Copy out the data word for word, without any of its pictures.

(Given data begins)

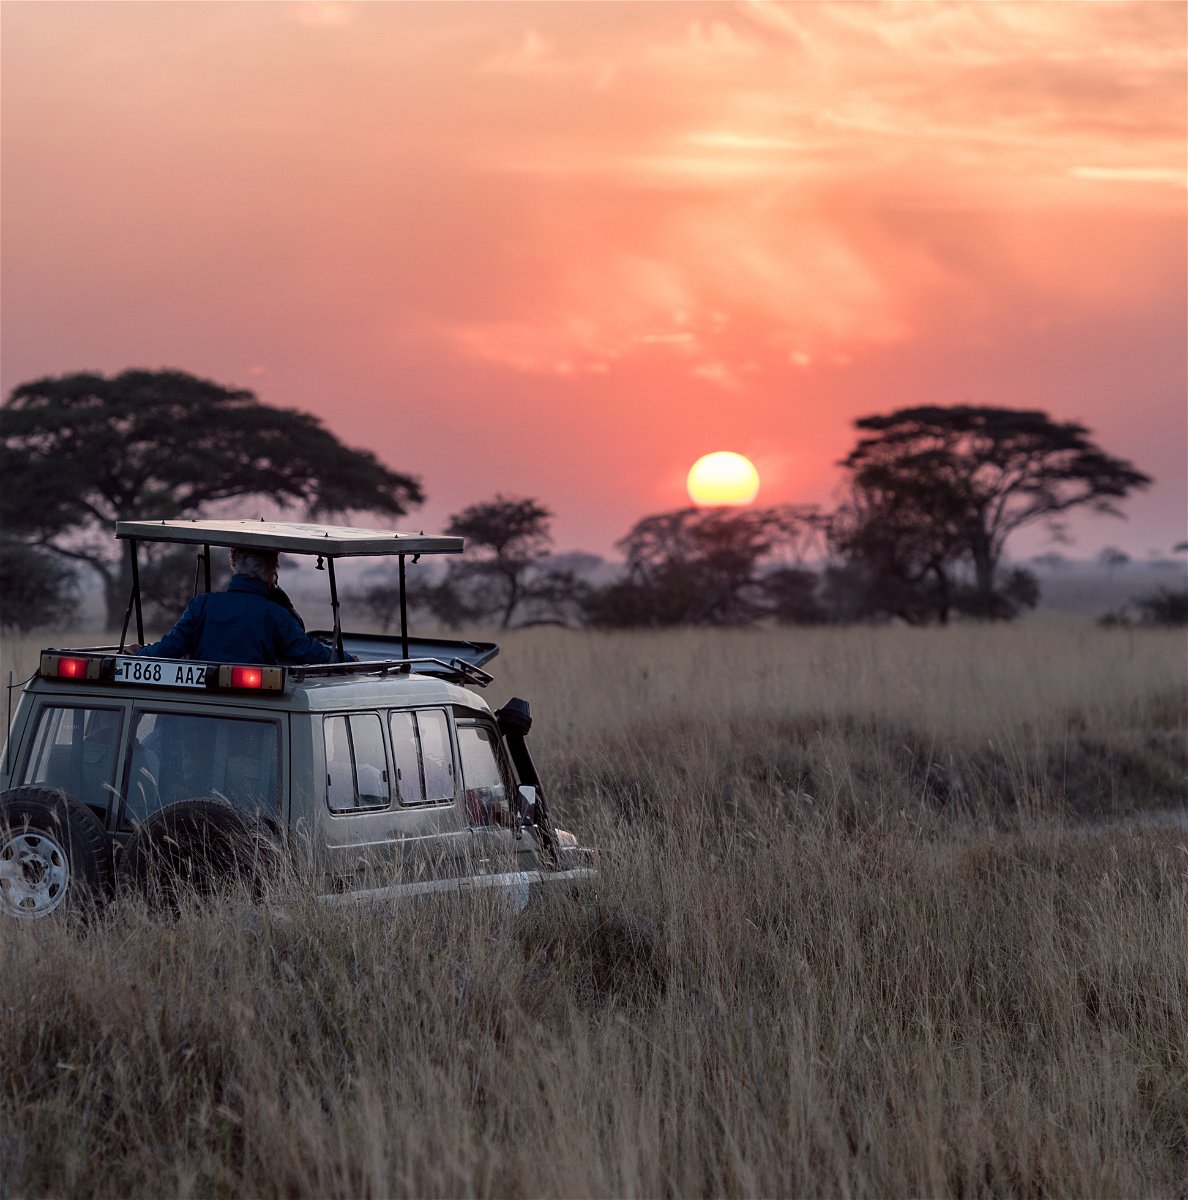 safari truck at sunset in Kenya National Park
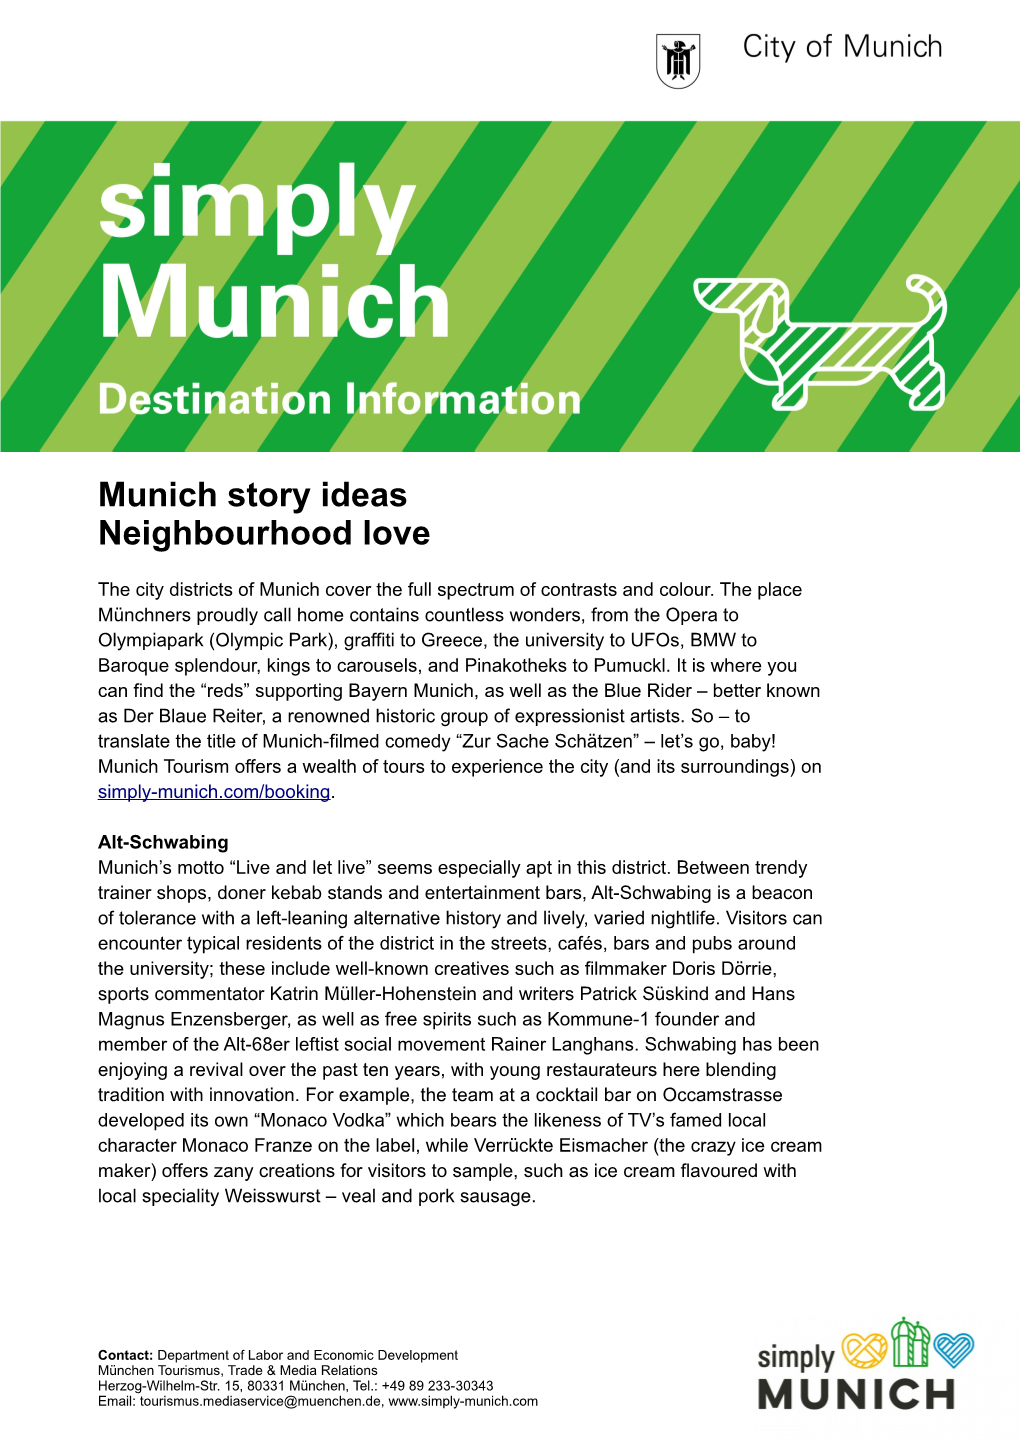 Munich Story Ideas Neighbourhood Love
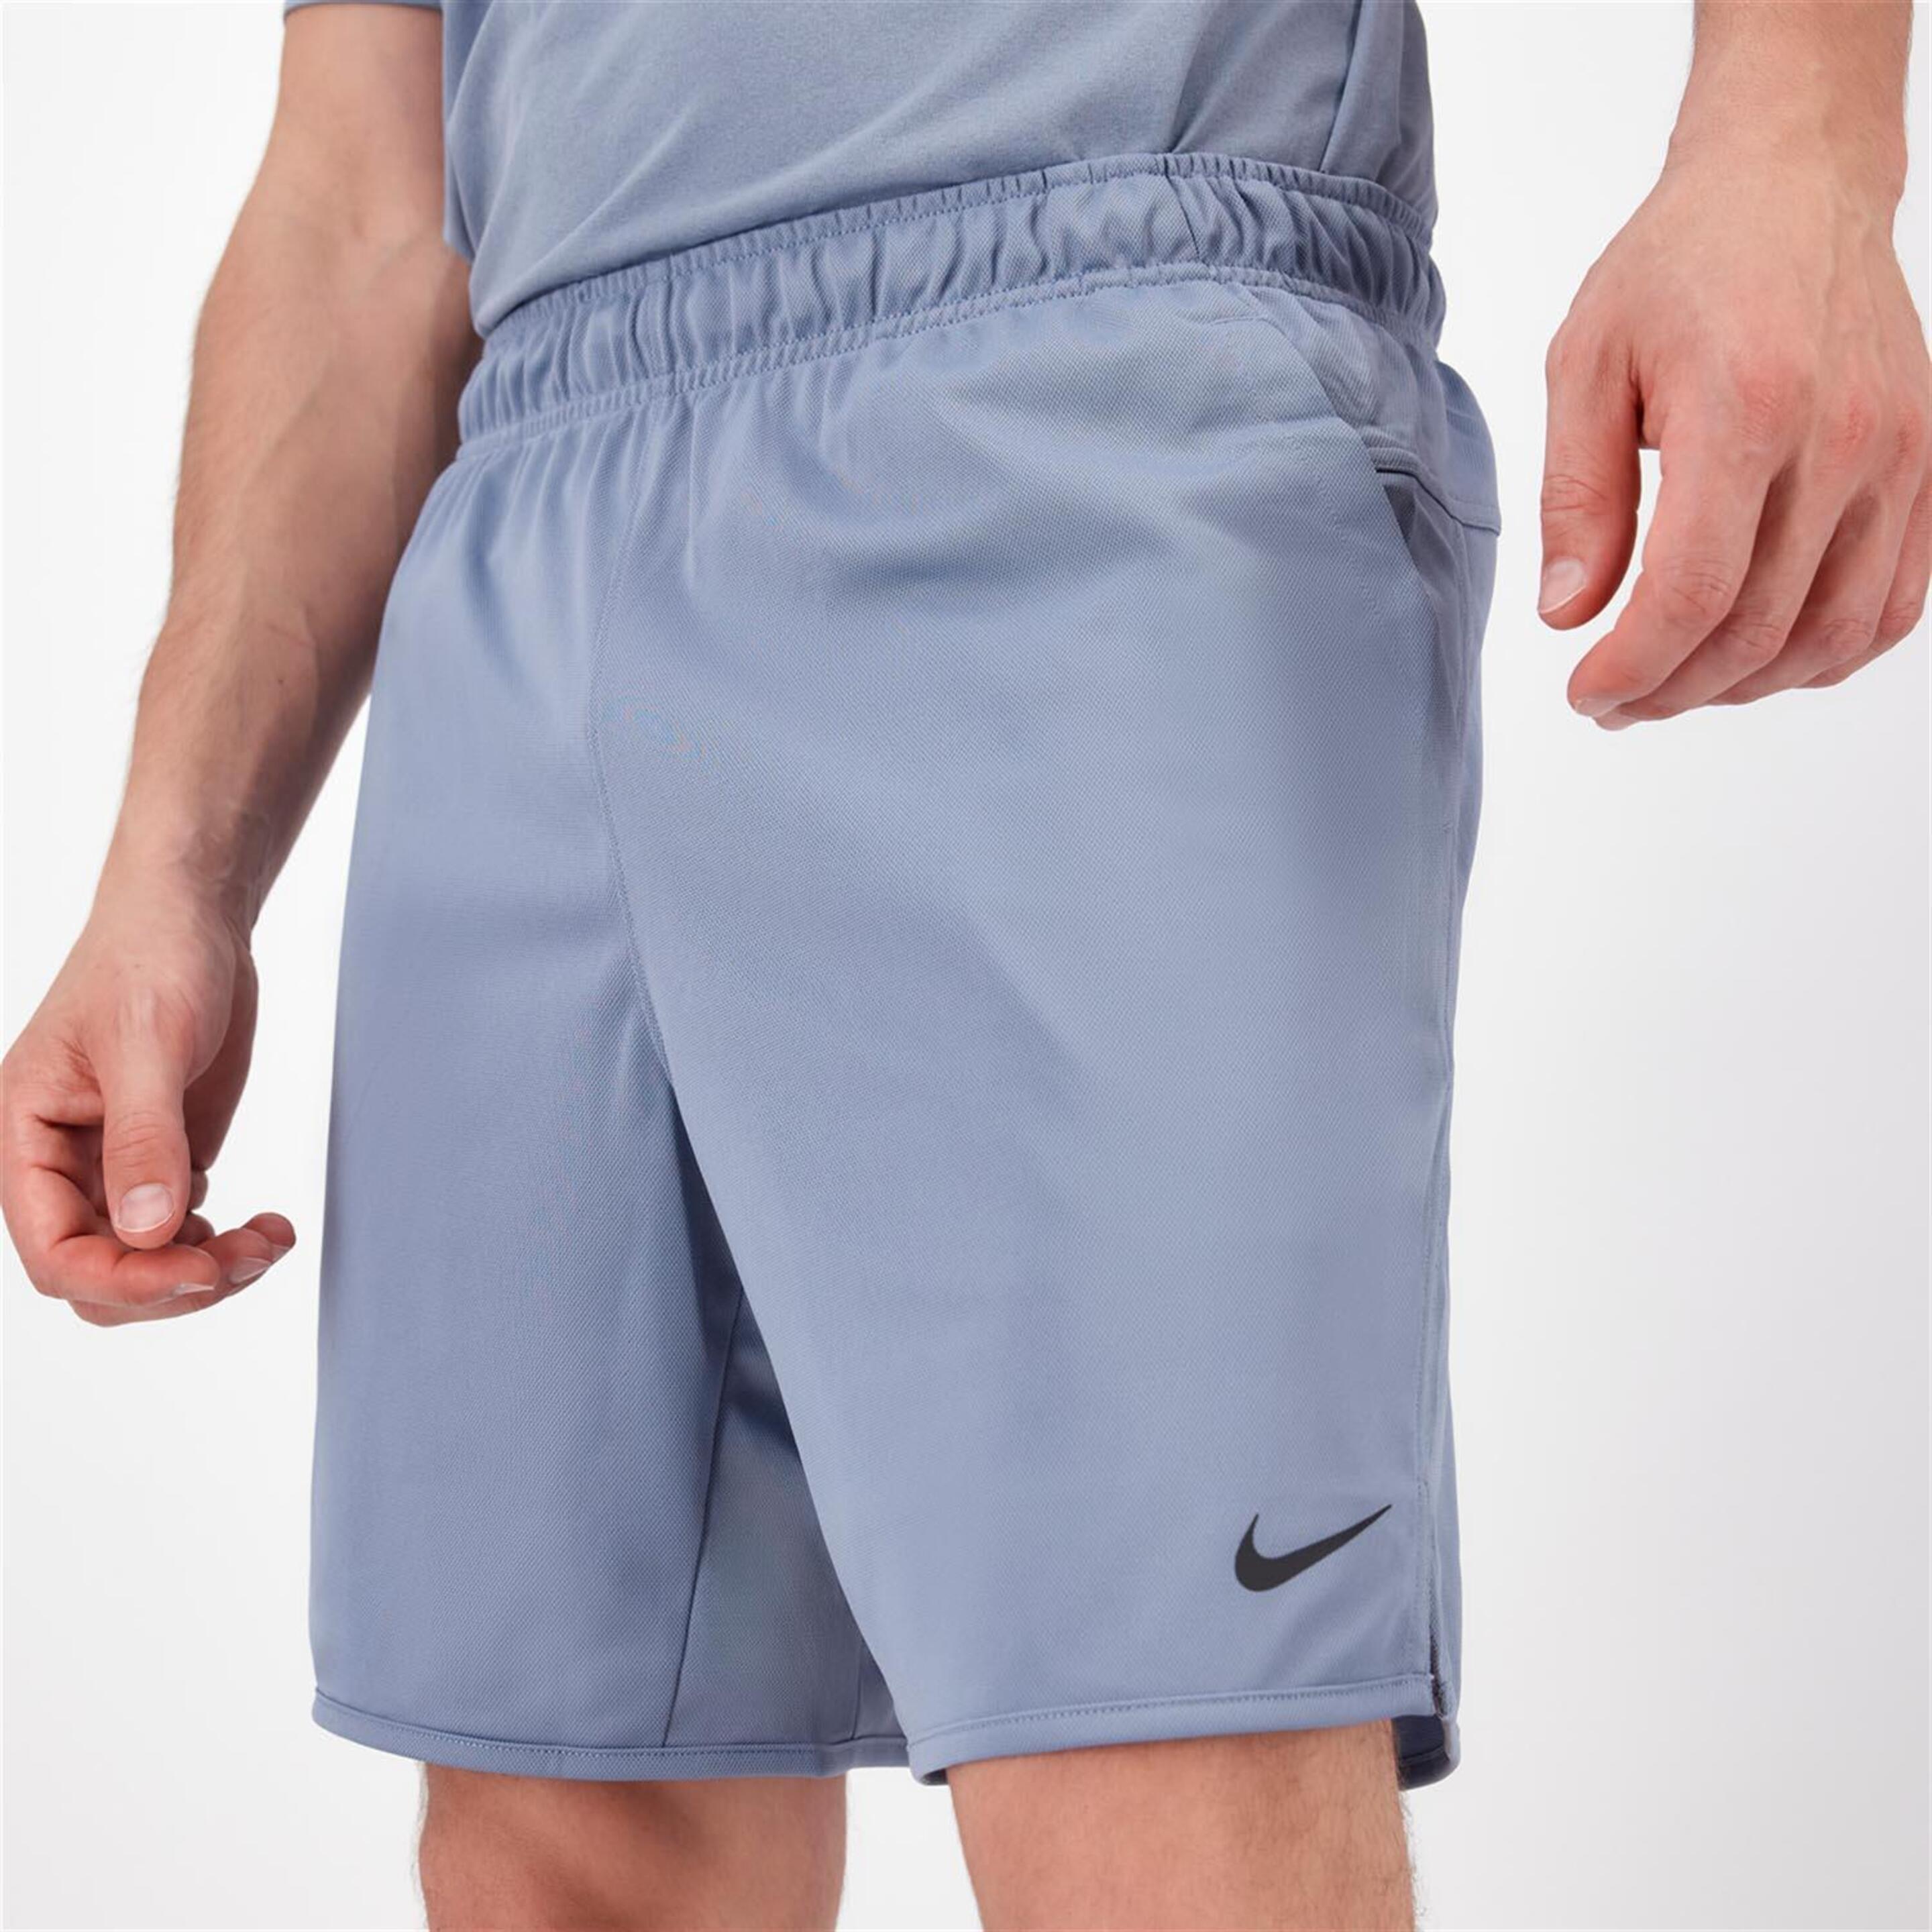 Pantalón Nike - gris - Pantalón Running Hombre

(Given data ends)

-- Response below --
 safari truck at sunset in Kenya National Park
 Munich Story Ideas Neighbourhood Love
 Pantalón Nike - gris - Pantalón Running Hombre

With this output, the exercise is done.